COPYRAGE: Sony screws Bob Dylan fans with ridiculously limited-edition box set

7 Jan

by Mike Hansen

Bob Dylan 50th front

Way to rub it in everyone’s faces, Sony!

U.S. copyright law tends to revolve around ensuring that Disney continues to own Mickey Mouse in perpetuity (along with Warner Brothers clinging tenaciously to Superman and Batman, Marvel to Captain America, etc.). In Europe, it seems to be all about its music superstars.

Today, Rolling Stone reported something sure to annoy 99.999999999999% of Bob Dylan fans: about 100 copies of an official 4-CD, 86-song Bob Dylan box set of 1962 outtakes (Dylan’s first year with Columbia Records, now owned by Sony Music).

“This isn’t a scheme to make money,” a Sony Music source tells Rolling Stone. “The copyright law in Europe was recently extended from 50 to 70 years for everything recorded in 1963 and beyond. With everything before that, there’s a new ‘Use It or Lose It’ provision. It basically said, ‘If you haven’t used the recordings in the first 50 years, you aren’t going to get any more.'”

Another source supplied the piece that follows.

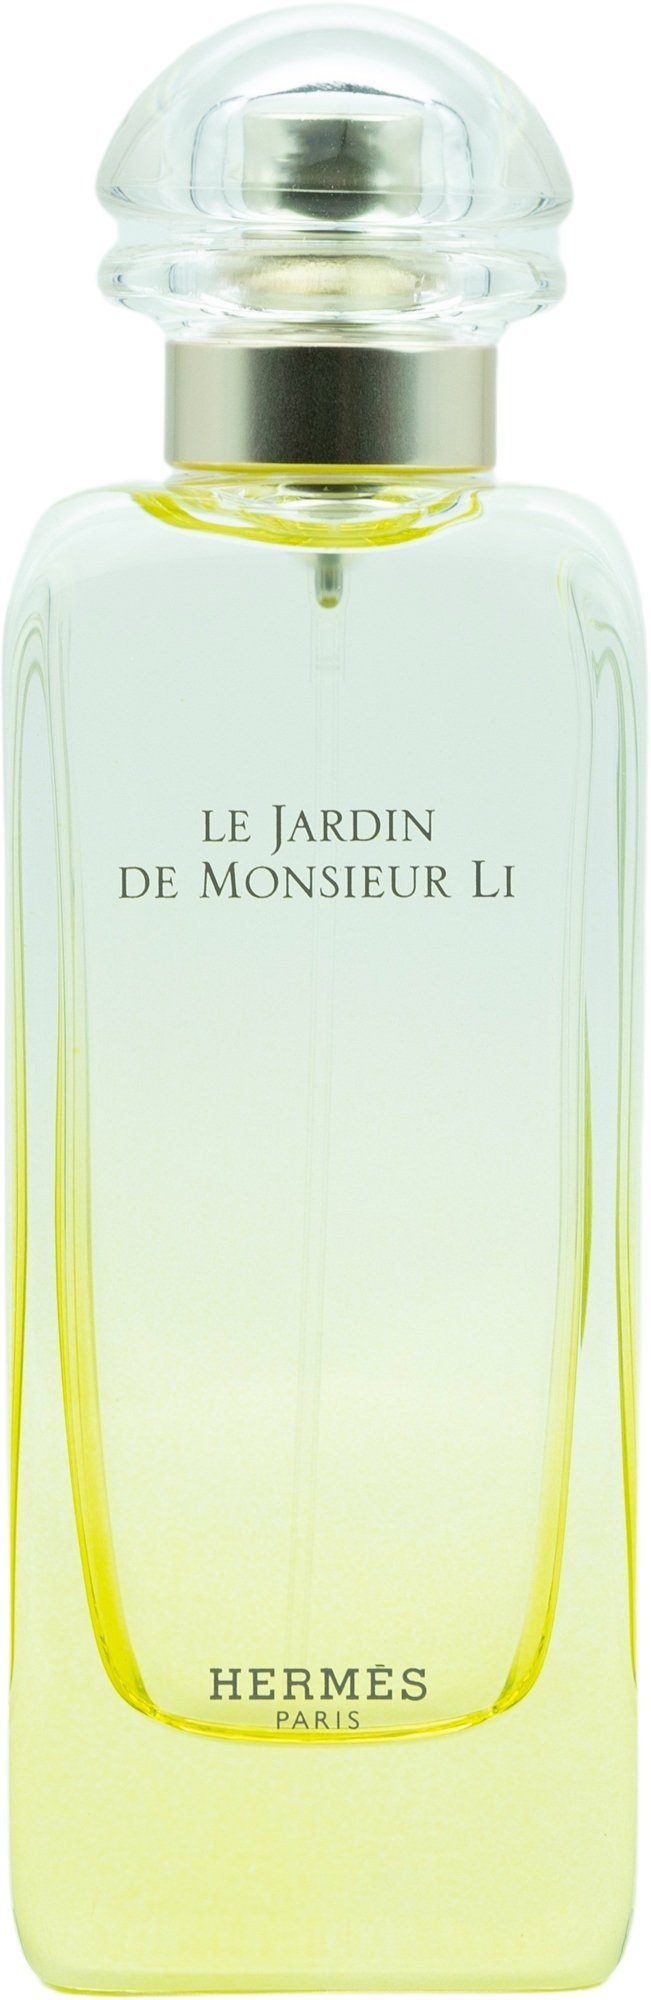 Bild von Le Jardin de Monsieur Li Eau de Toilette 100 ml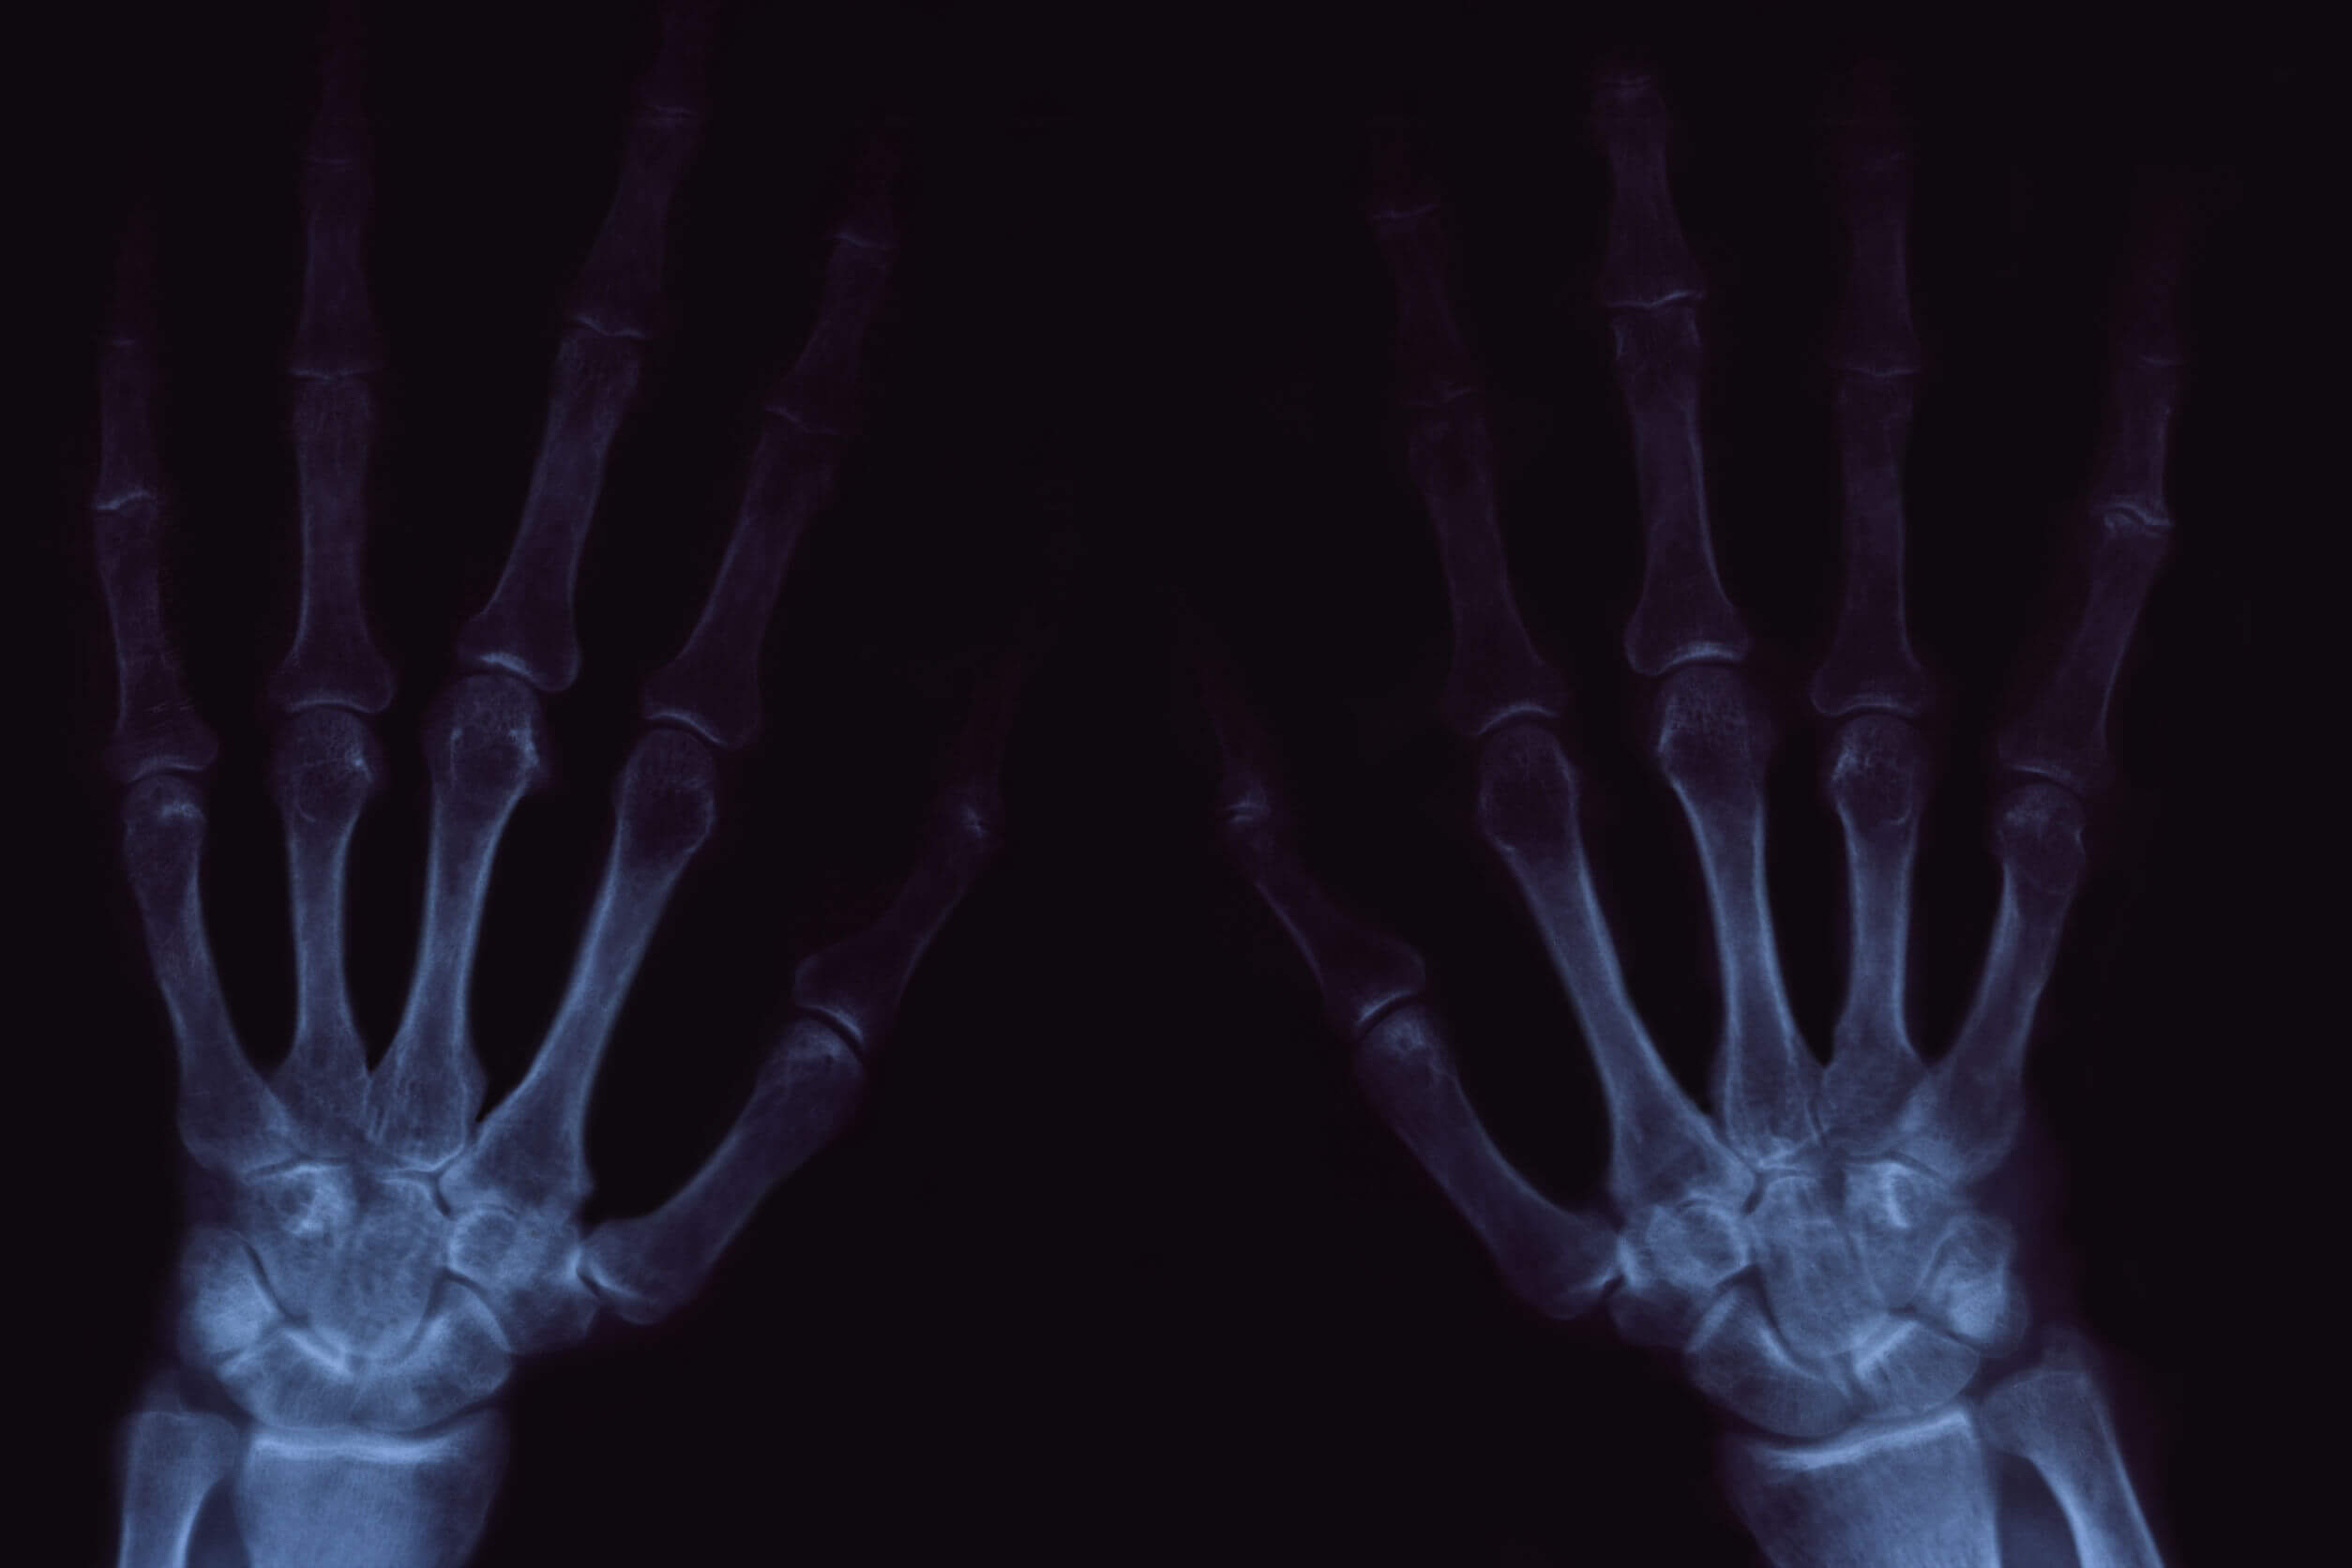 El crujido de las articulaciones puede ser doloroso en los casos de artrosis.

Bob Dylan 50th backSo even though Sony doesn’t intend to make money from these recordings (most of which are widely available on bootleg), it wants to ensure that they don’t enter the public domain so they can be freely copied and shared. Really? Is Sony that afraid of having to compete with anyone’s ability to package, release, and distribute the material in a manner of their choosing?

Bob Dylan’s 1962 debut LP became a part of the European public domain on January 1st, meaning anybody in Europe can release the music without paying Dylan one dime. “The whole point of copyrighting this stuff is that we intend to do something with it at some point in the future,” says the source. “But it wasn’t the right time to do it right after he released Tempest. There are other things we want to do in 2013 though.”

Oh, okay: so Sony DOES intend to make money off it. LATER. So they’re lying. Classy!

I’m all for compensating artists for their work, but these are recordings that sat on the shelf for over 50 years while the artist and record company made no effort to make a penny off them. And instead of just allowing the material to become public-domain (like Dylan’s first album and, I assume, the Beatles’ earliest recordings), Sony released just *100* copies of the material to protect its copyright while ensuring that virtually 0% of Bob Dylan fans will actually (legally) hear the material. In a business where record labels routinely underpay their artists (and overpay their executives), this is simply a corporate move to hold onto property it doesn’t care about, just in case it might be worth a few dollars later. This doesn’t benefit the artist; it doesn’t benefit the consumer; and it doesn’t benefit the corporate behemoth greedily clutching the rights. What’s the point?

According to the New York Times, it looks like only Dylan fans in France and Germany can legally download this material from the artist’s website. What?

… Sony is not alone. Universal, which owns the Motown catalog, has released a series of jazz, gospel and rhythm and blues albums under the rubric “Motown Unreleased 1962,” which makes a large body of its unissued archives eligible for the European copyright extension.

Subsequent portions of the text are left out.